Since we are only concerned with finding out which types of events are most harmful to population health and have the greatest economic consequence we now will take the sum of each variable's values, and reorder the events from highest to lowest totals. After that, we will take the subset of the top 10 events, for each measure, having the 10th value be the sum of all events below the 9th proper event; we will label the 10th value as all “other” events.
##FATALITIES
totalfatalities <- aggregate(FATALITIES ~ EVTYPE, data = stormDataReduced, FUN = sum)
totalfatalitiesTop <- totalfatalities[order(-totalfatalities$FATALITIES), ]
totalfatalitiesTop[10, "FATALITIES"] <- sum(totalfatalitiesTop[-(1:9), "FATALITIES" ])
totalfatalitiesTop[10, "EVTYPE"] <- "other"
totalfatalitiesTop <- totalfatalitiesTop[1:10, ]
##INJURIES
totalinjuries <- aggregate(INJURIES ~ EVTYPE, data = stormDataReduced, FUN = sum)
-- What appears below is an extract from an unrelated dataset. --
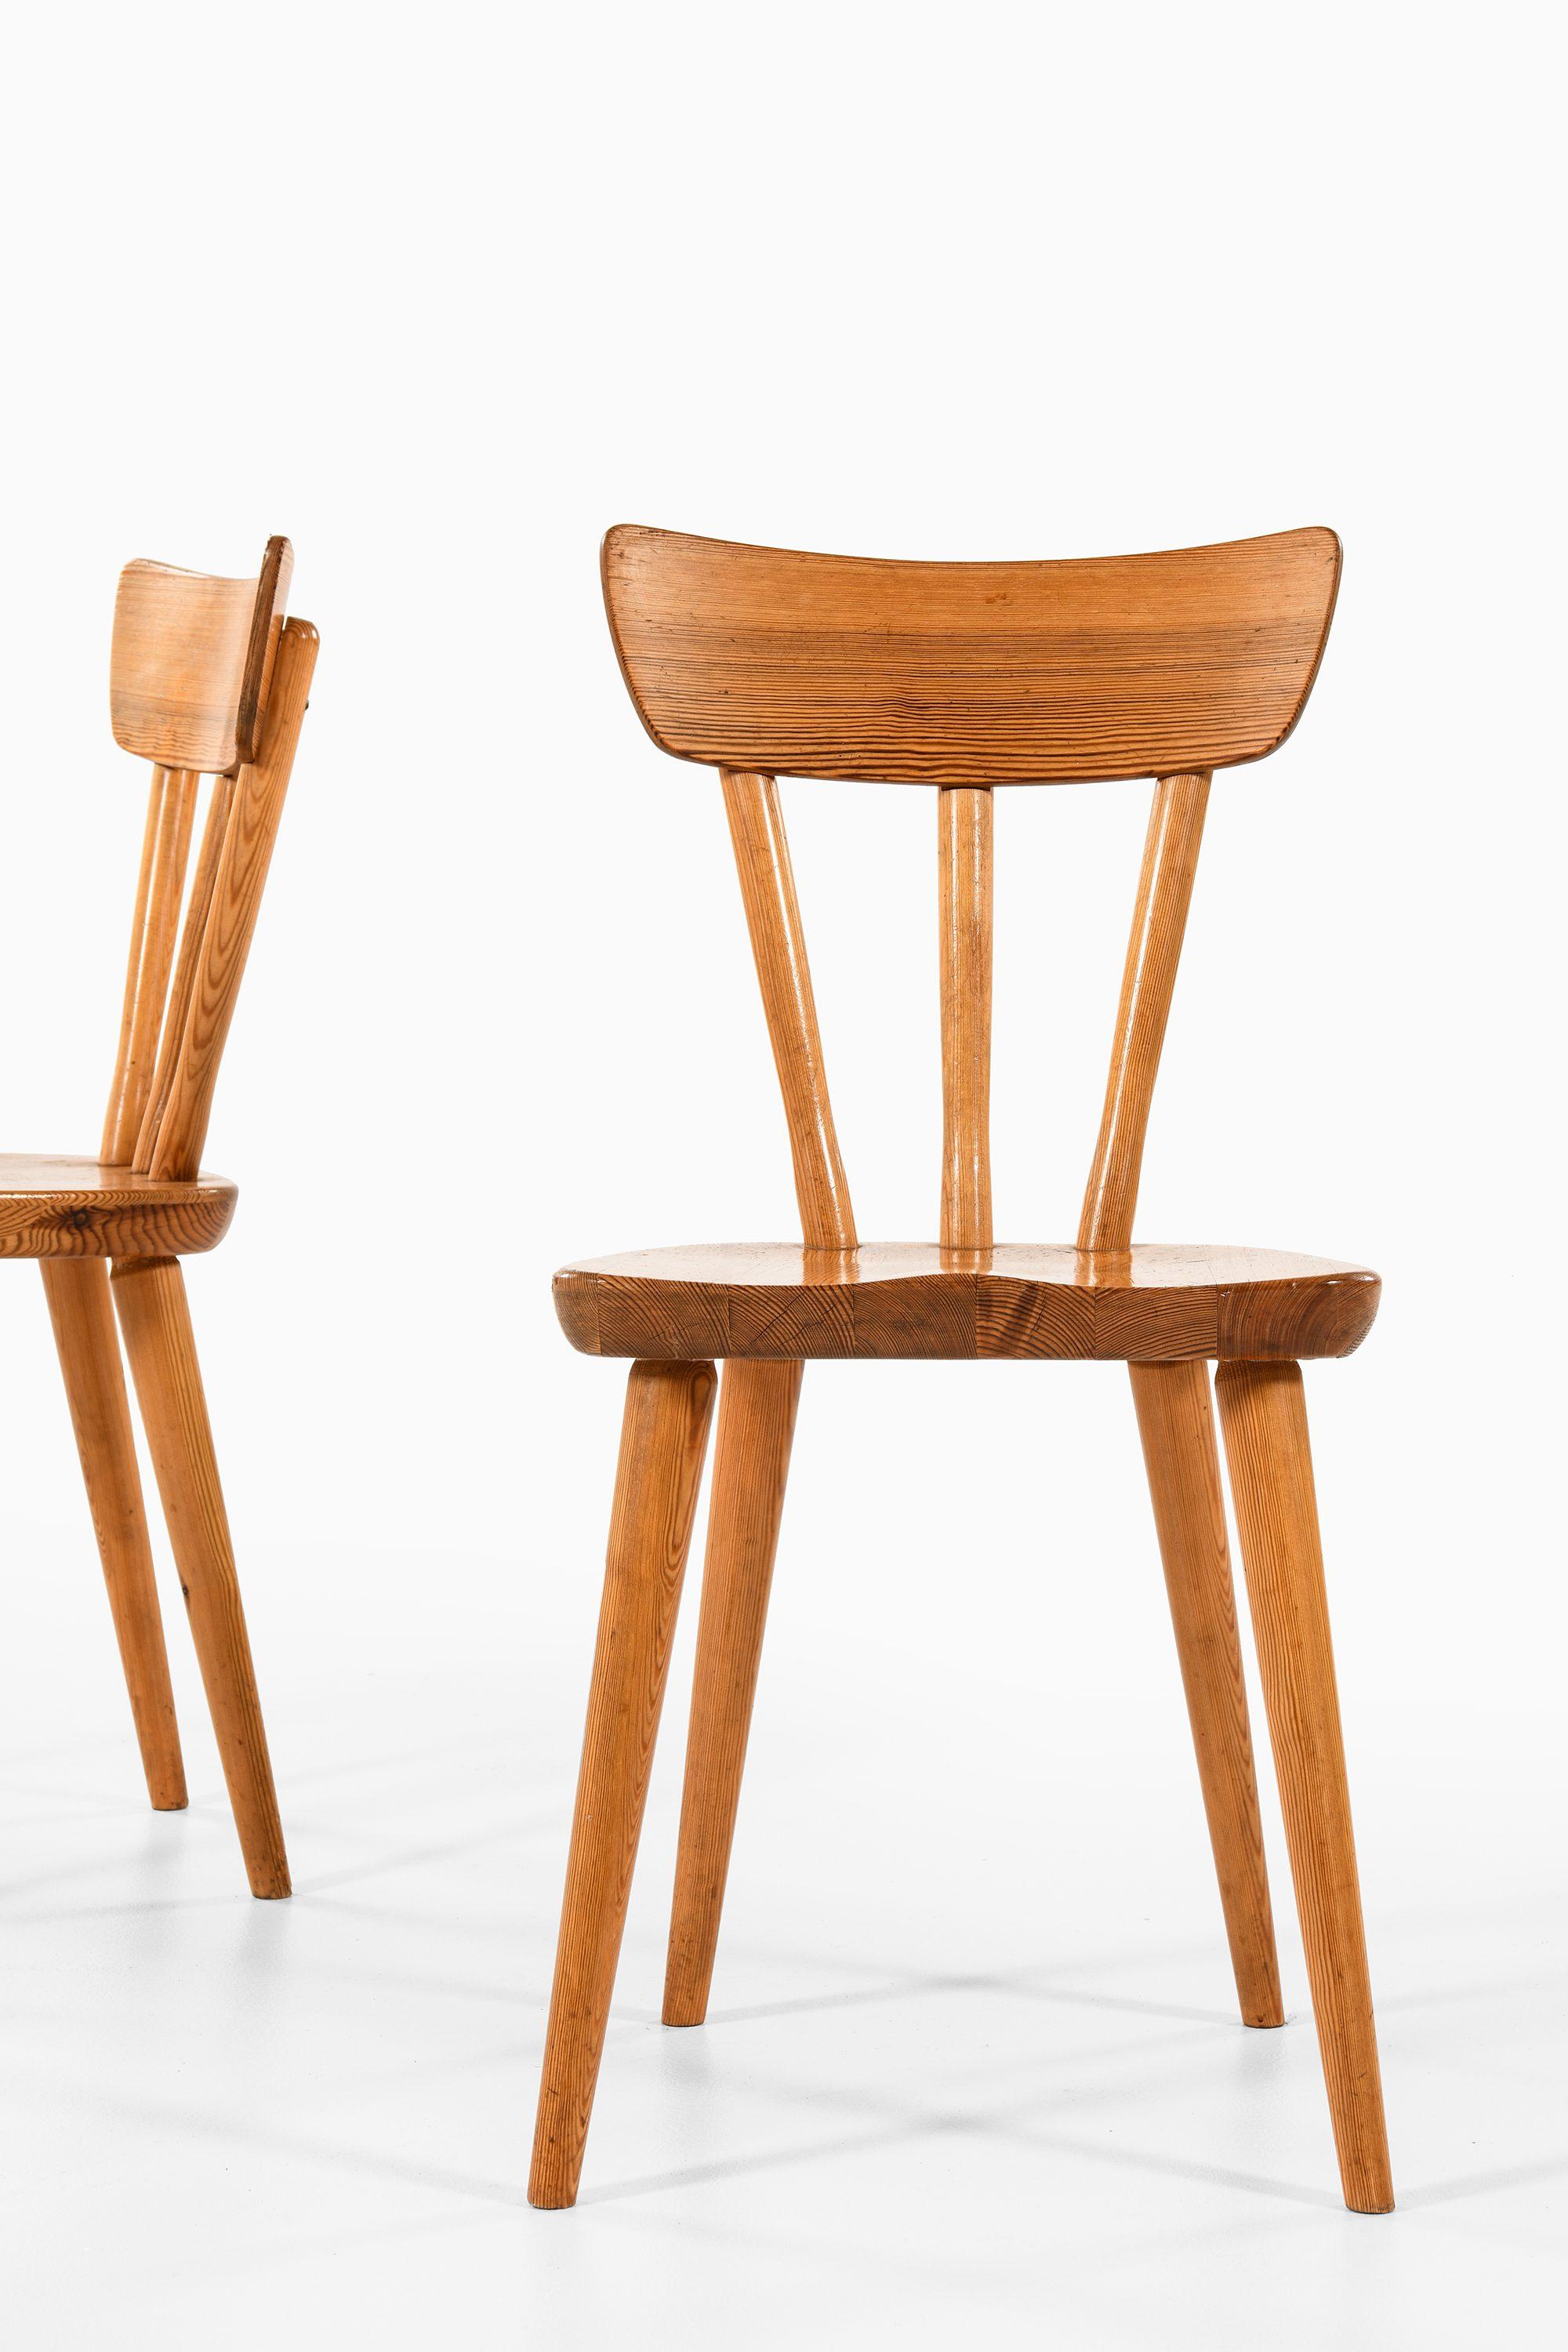 Set of 8 Dining Chairs in Solid Pine by Göran Malmvall, 1940's In Good Condition For Sale In Limhamn, Skåne län

totalinjuriesTop <- totalinjuries[order(-totalinjuries$INJURIES), ]
totalinjuriesTop[10, "INJURIES"] <- sum(totalinjuriesTop[-(1:9), "INJURIES" ])
totalinjuriesTop[10, "EVTYPE"] <- "other"
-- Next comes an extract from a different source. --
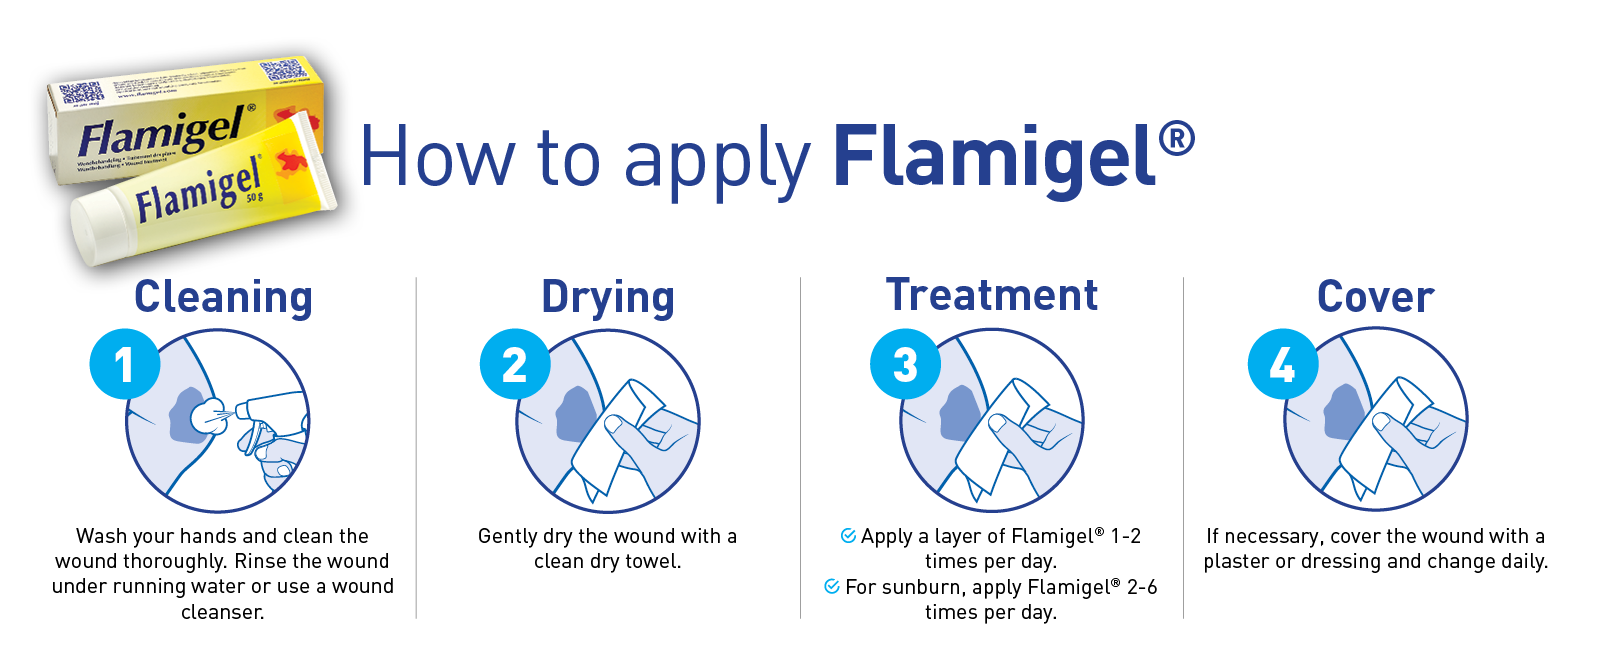 ehc-flamigel-web-page-banner-1200x500_aug-20224.png

totalinjuriesTop <- totalinjuriesTop[1:10, ]
##propertydamage
totalpropertydamage<- aggregate(propertydamage ~ EVTYPE, data = stormDataReduced, FUN = sum)
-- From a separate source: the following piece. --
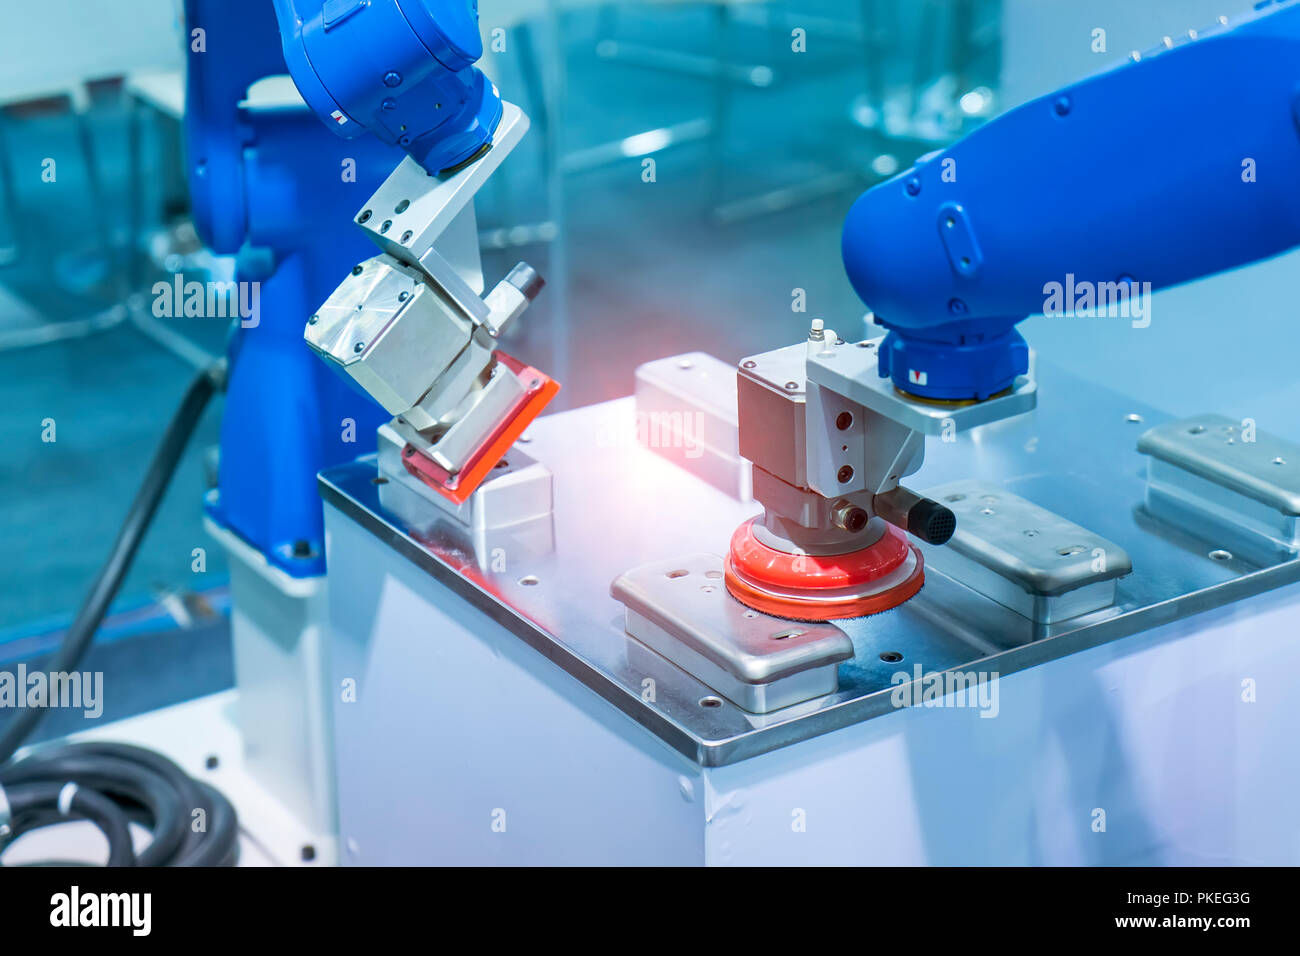 Industrial robot working in phone factory Stock Photo

totalpropertydamageTop <- totalpropertydamage[order(-totalpropertydamage$propertydamage), ]
totalpropertydamageTop[10, "propertydamage"] <- sum(totalpropertydamageTop[-(1:9), "propertydamage" ])
totalpropertydamageTop[10, "EVTYPE"] <- "other"
totalpropertydamageTop <- totalpropertydamageTop[1:10, ]
##cropdamage
totalcropdamage<- aggregate(cropdamage ~ EVTYPE, data = stormDataReduced, FUN = sum)
totalcropdamageTop <- totalcropdamage[order(-totalcropdamage$cropdamage), ]
totalcropdamageTop[10, "cropdamage"] <- sum(totalcropdamageTop[-(1:9), "cropdamage" ])
totalcropdamageTop[10, "EVTYPE"] <- "other"
totalcropdamageTop <- totalcropdamageTop[1:10, ]
Fatalities and injuries are really two parts of a whole that relates to an event's impact on population health;the event's number of casualties. Likewise, property and crop damage can also be thought of as constituents of the overall economic damage caused by an event. Thus, the total number of casualties and the amount of economic damage done by each event will be found through merging each total, by EVTYPE, and using mutate to find their sum. The resulting data frames will be reordered, and a top 10 will be subsetted. For better comparative analysis, by way of proportions, each top 10 will have its event's percentage added in a separate column named “PERCENT”.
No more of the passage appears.